[Opening Data section section]

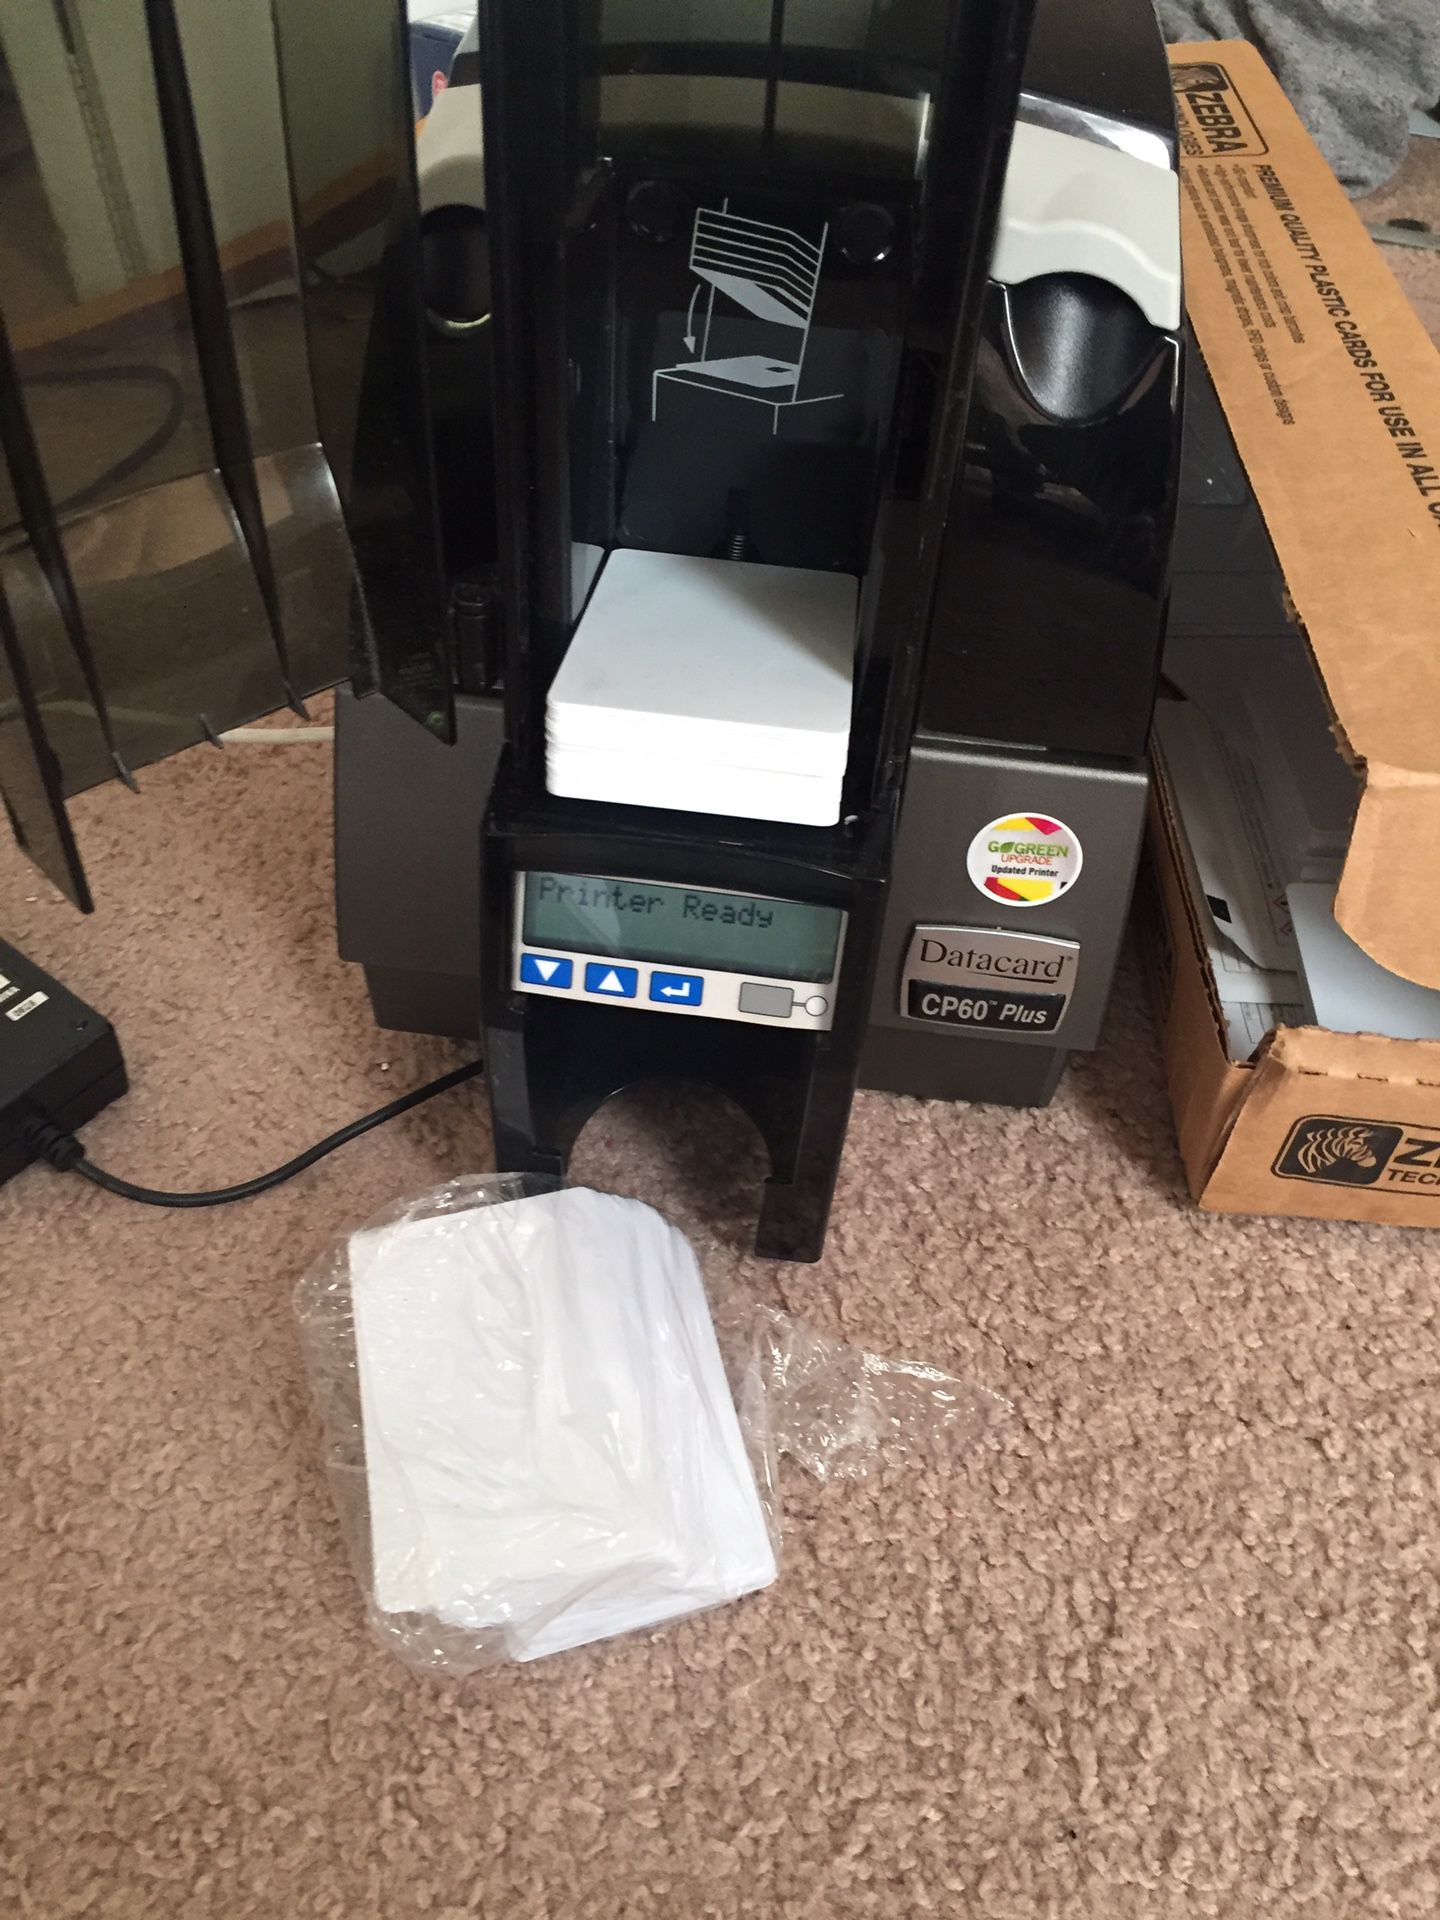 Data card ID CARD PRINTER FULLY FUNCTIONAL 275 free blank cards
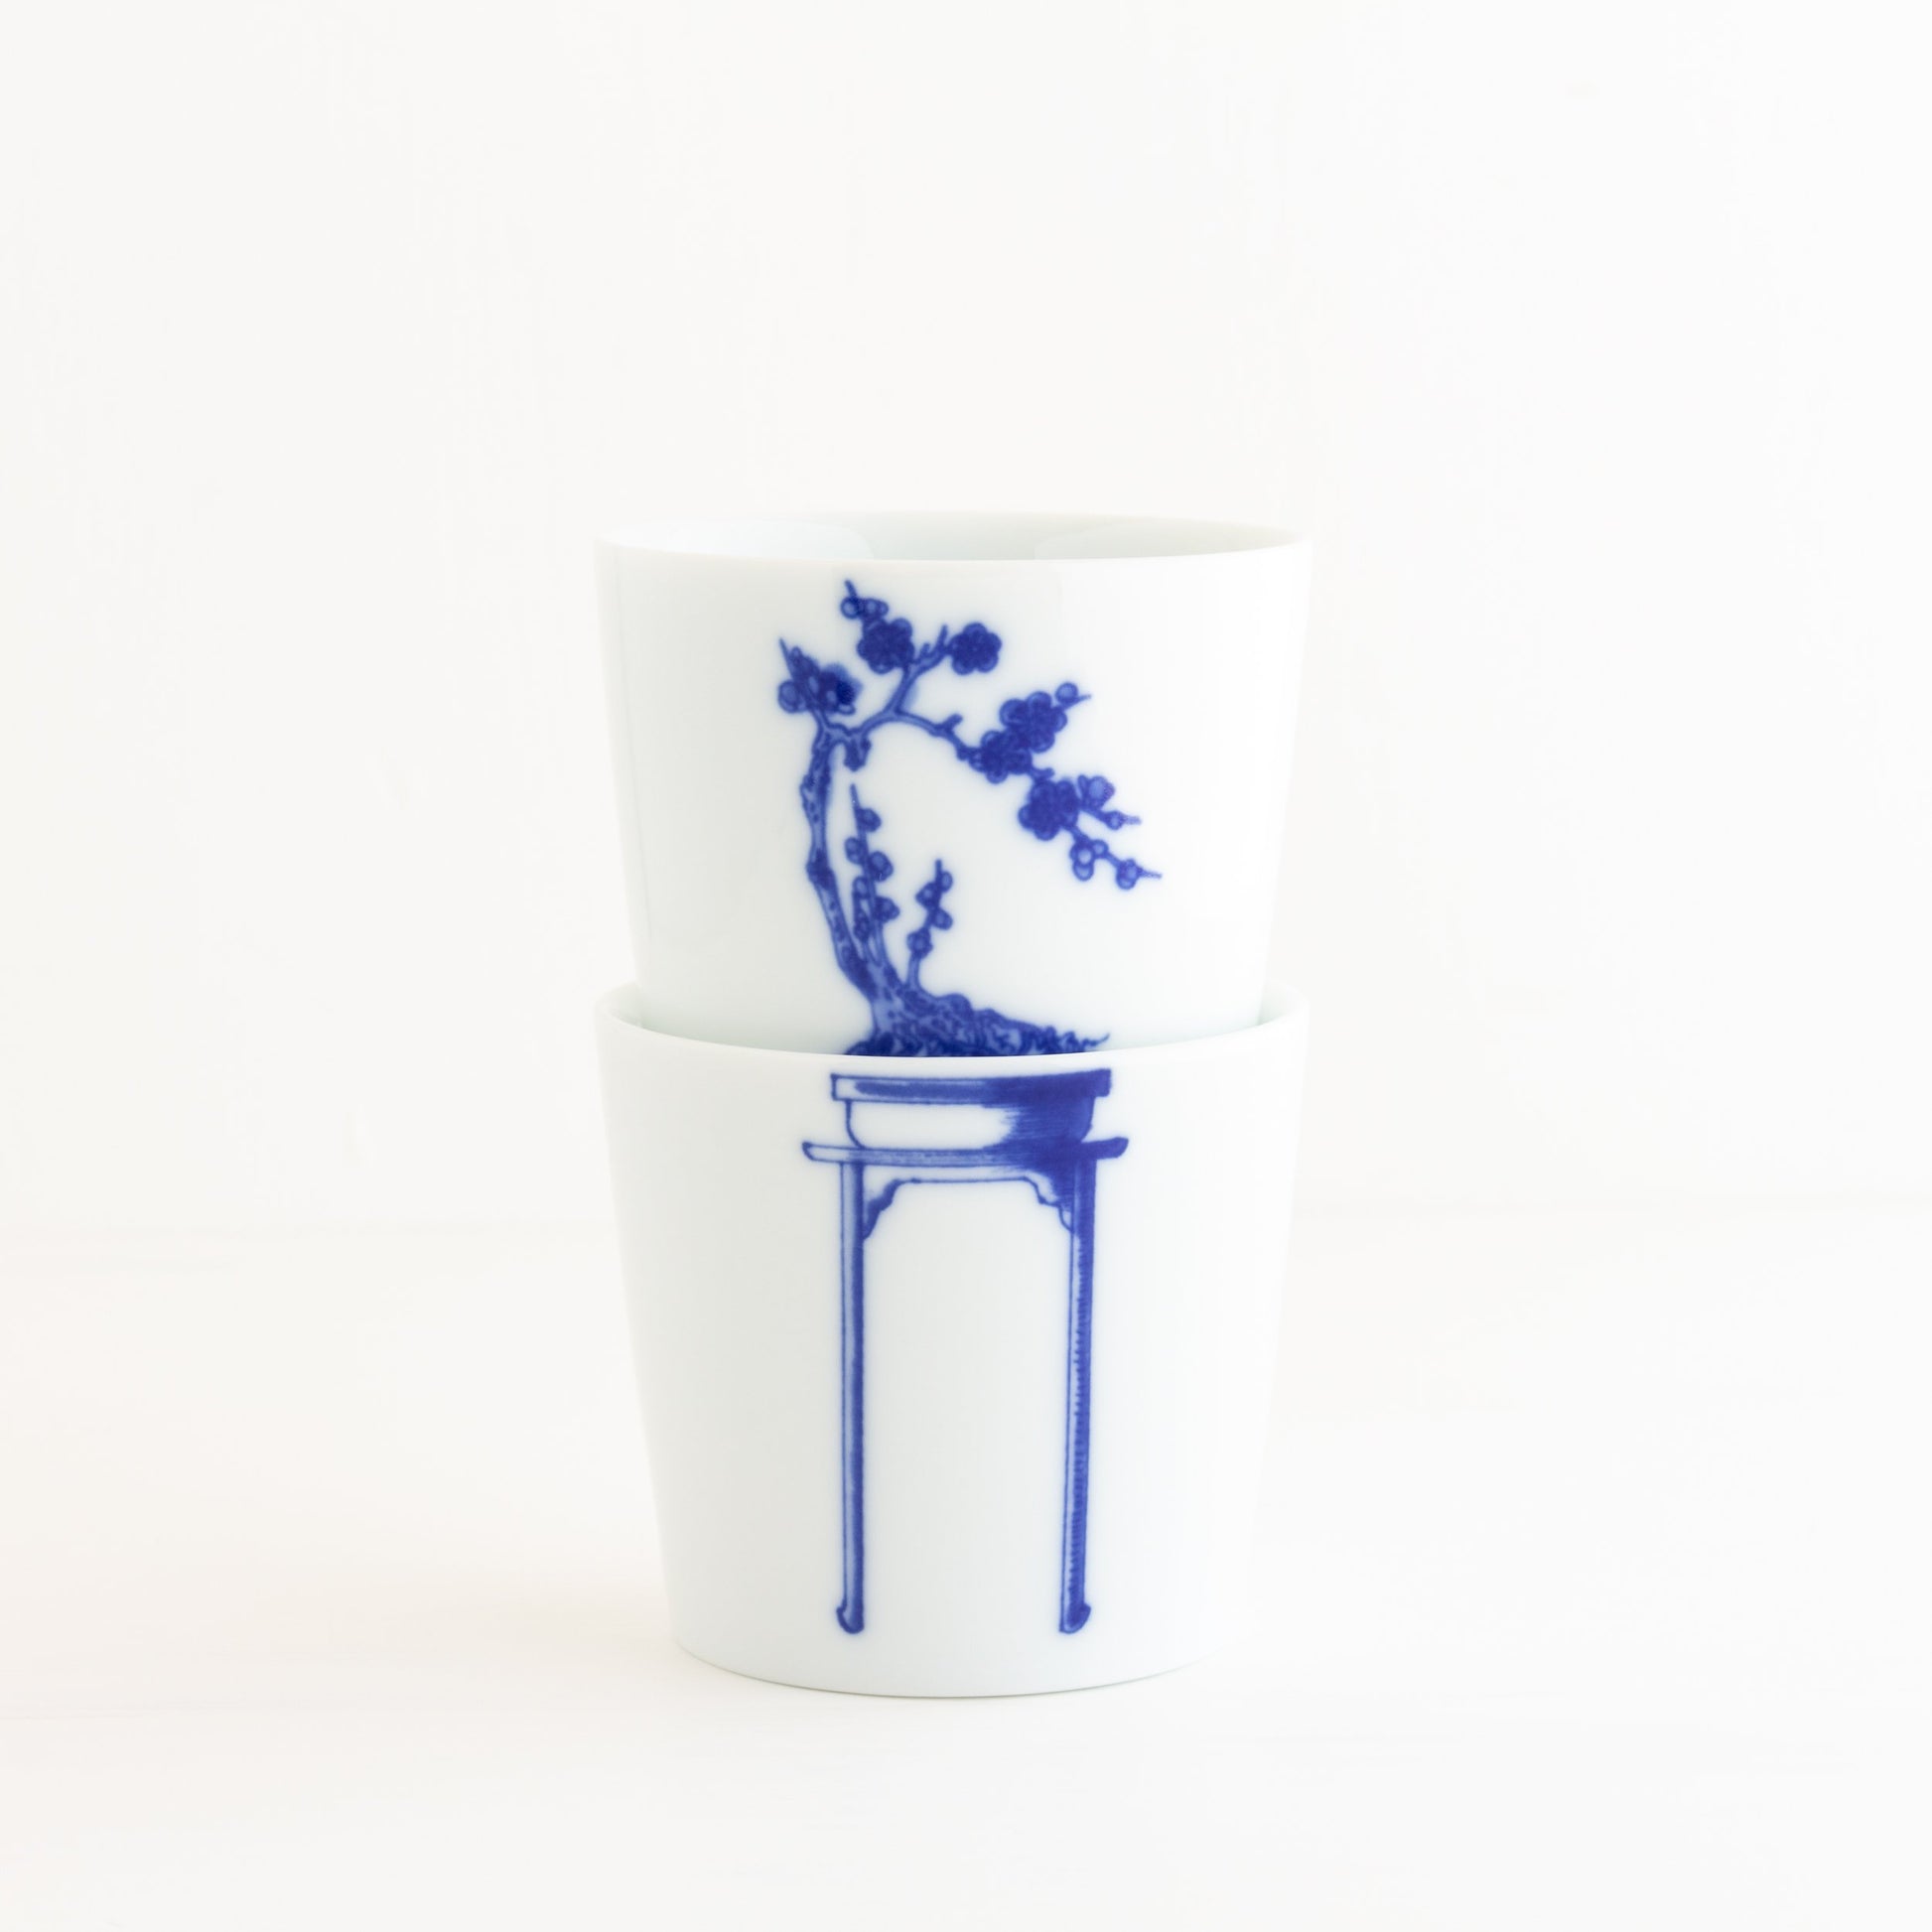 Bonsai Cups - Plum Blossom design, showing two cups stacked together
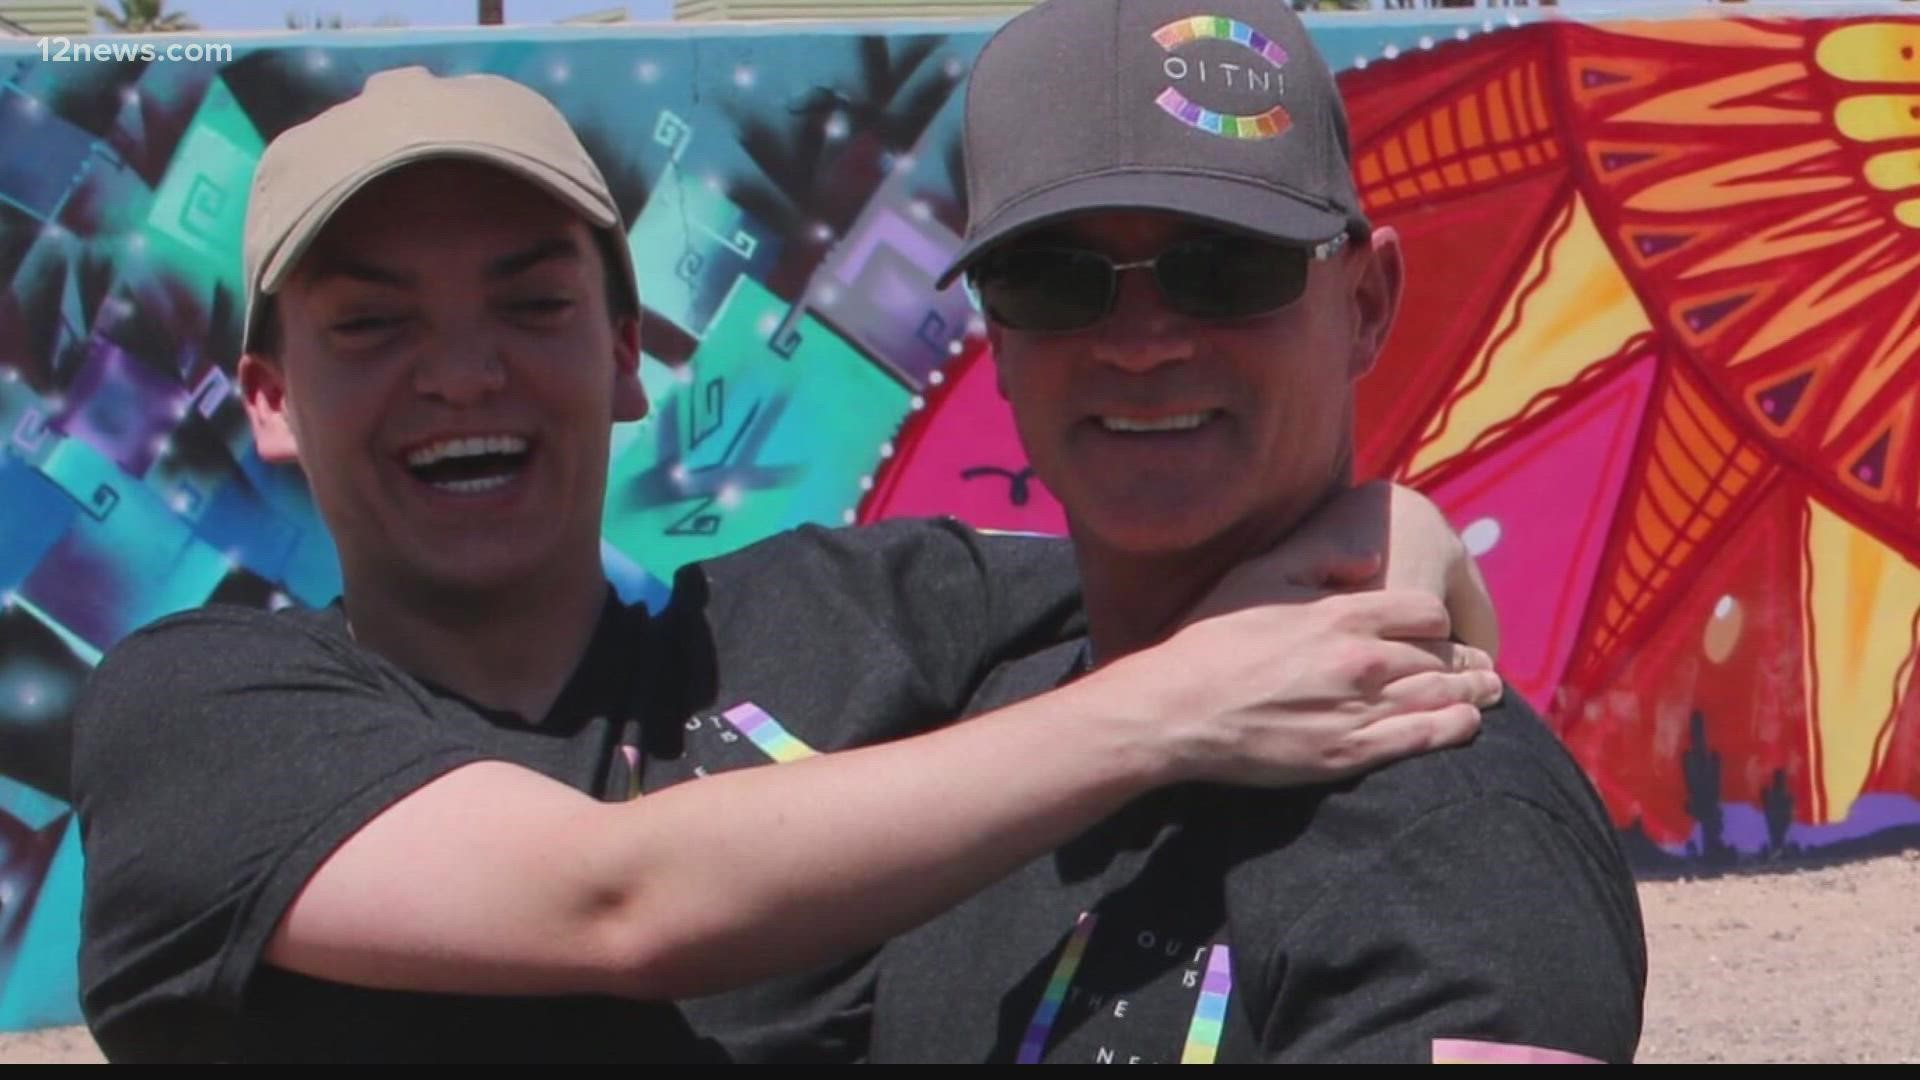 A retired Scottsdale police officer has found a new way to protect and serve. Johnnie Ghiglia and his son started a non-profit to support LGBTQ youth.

[Closing Data section section]

# Try it
An unaltered copy of the material, without images, should be set down.

# Solution to this task
 Data card ID CARD PRINTER FULLY FUNCTIONAL 275 free blank cards
 Bonsai Cups - Plum Blossom design, showing two cups stacked together
 A retired Scottsdale police officer has found a new way to protect and serve. Johnnie Ghiglia and his son started a non-profit to support LGBTQ youth.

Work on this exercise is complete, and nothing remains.